DIRECT SUPPORT PROFESSIONALS Presented by Susan Constantino President and Chief Executive Office Cerebral Palsy Associations of New York State

DIRECT SUPPORT PROFESSIONALS

Susan Constantino speech FINAL

Before I start I would like to read to you from a job description.

  • Assists individuals with activities of daily living, such as bathing, dressing, and eating
  • Participates in recreational activities, both in-house and in the community
  • Participates as a member of the interdisciplinary team and assists in evaluating and implementing goals/outcomes
  • Communicates and relays participation information to clinicians, supervisors, and co-workers
  • Maintains records, charts, and logs
  • Maintains records including cash journal, ledgers, and medication counts
  • Administers medication
  • Prepares and serves meals
  • Performs general housekeeping tasks
  • Does all of the above with a positive attitude, remembering that their main duty is to ensure the health and safety of the individuals whom they support every day.
  • And they must be ready to work double shifts, in all weather and at a wage hardly higher than the minimum wage.

That is the career of the Direct Support Professional (DSP).
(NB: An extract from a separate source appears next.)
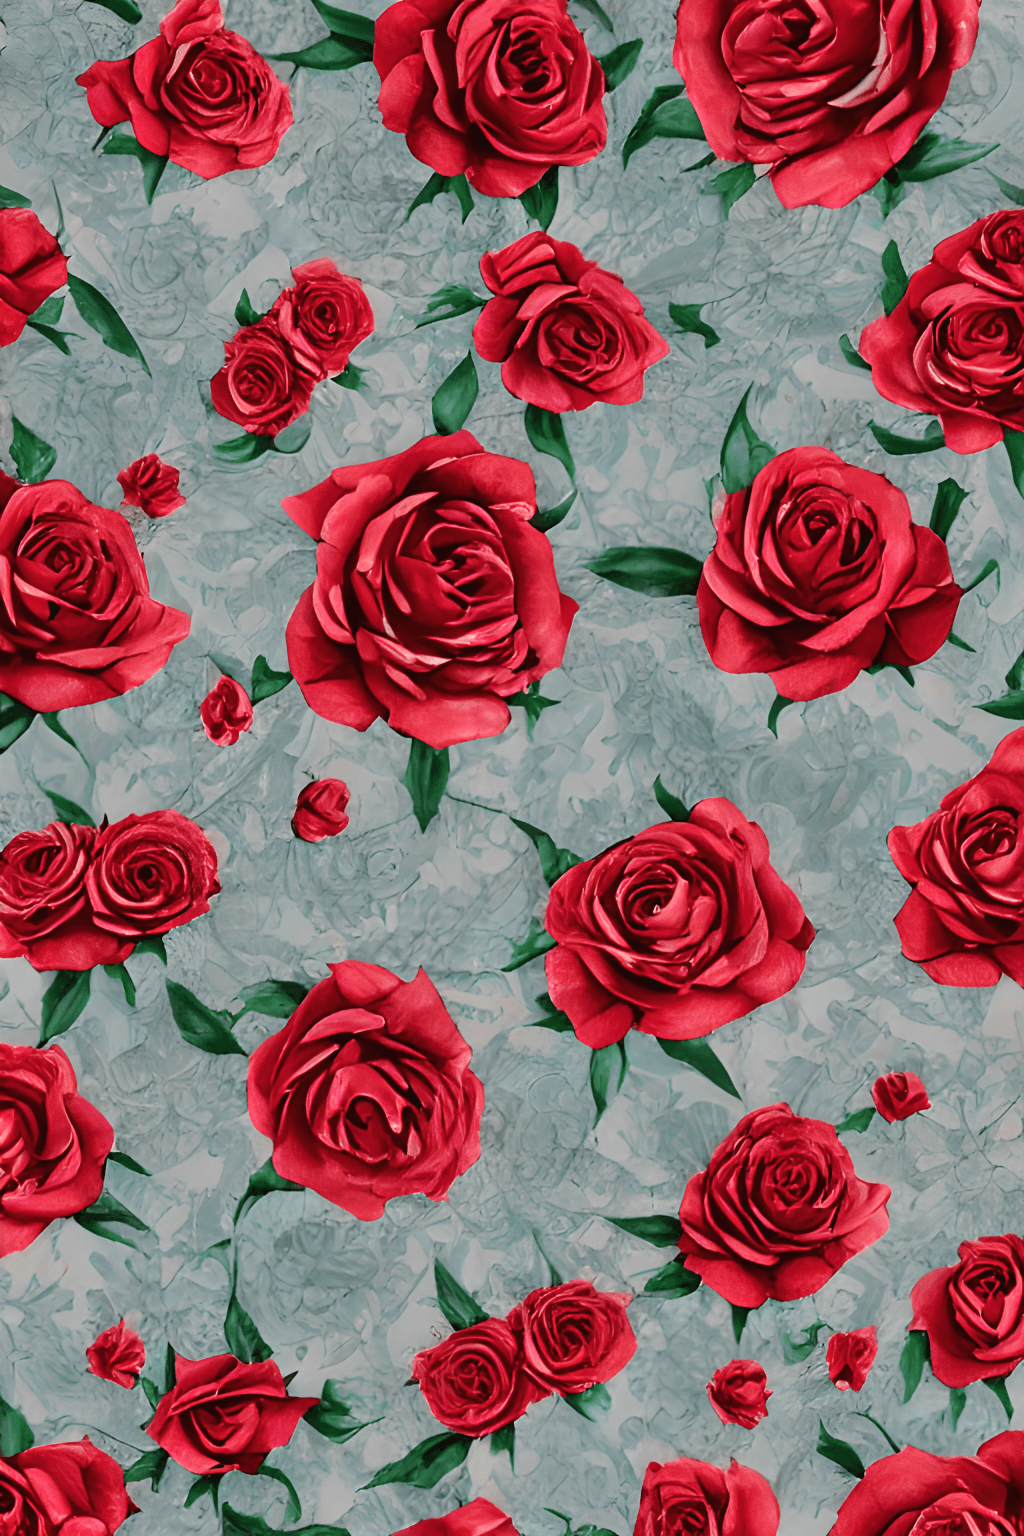  Rote Rosen Hintergrundbild 1024x1536. Blumenstrauß Mit Roten Rosen Im Vintage Stil, Gotische Ephemera · Creative Fabrica

I have not mentioned all the job duties because the list is too long and I know you all know the value of DSPs and others who work in our agencies. The real question is how do we get the Governor to recognize the amazing value of these dedicated individuals. At least 90% or greater of most provider dollars come from Medicaid. And if the State does not increase the dollars to the providers, there is no money for raises.

OPWDD assembled a Transformation Panel in 2015 with the charge to develop a plan which would guide OWPDD’s system transition to a sustainable future with a more flexible and person centered system of supports. The Transformation Panel issued several recommendations about ways to better support staff to do their jobs with enhanced training, better tools, and greater opportunities for advancement. All of these recommendations are great. But without dollars to increase salaries, these are just empty words.

Direct Support Professionals do not do minimum wage work. You heard the list of responsibilities. Those are not minimum wage responsibilities. Before the increase in the minimum wage (which we support), we were able to pay our valued workers above the minimum wage. While we have not surveyed all providers on the exact number, we do know that in 2006, there were many agencies that were paying 20%-40% above the minimum wage that was in effect in 2006. DSPs knew that they were valued for their skills in supporting people with developmental disabilities. Today most DSP wages are only slightly above the minimum wage, if at all, and are likely to be as much as 9% below the fast food minimum wage.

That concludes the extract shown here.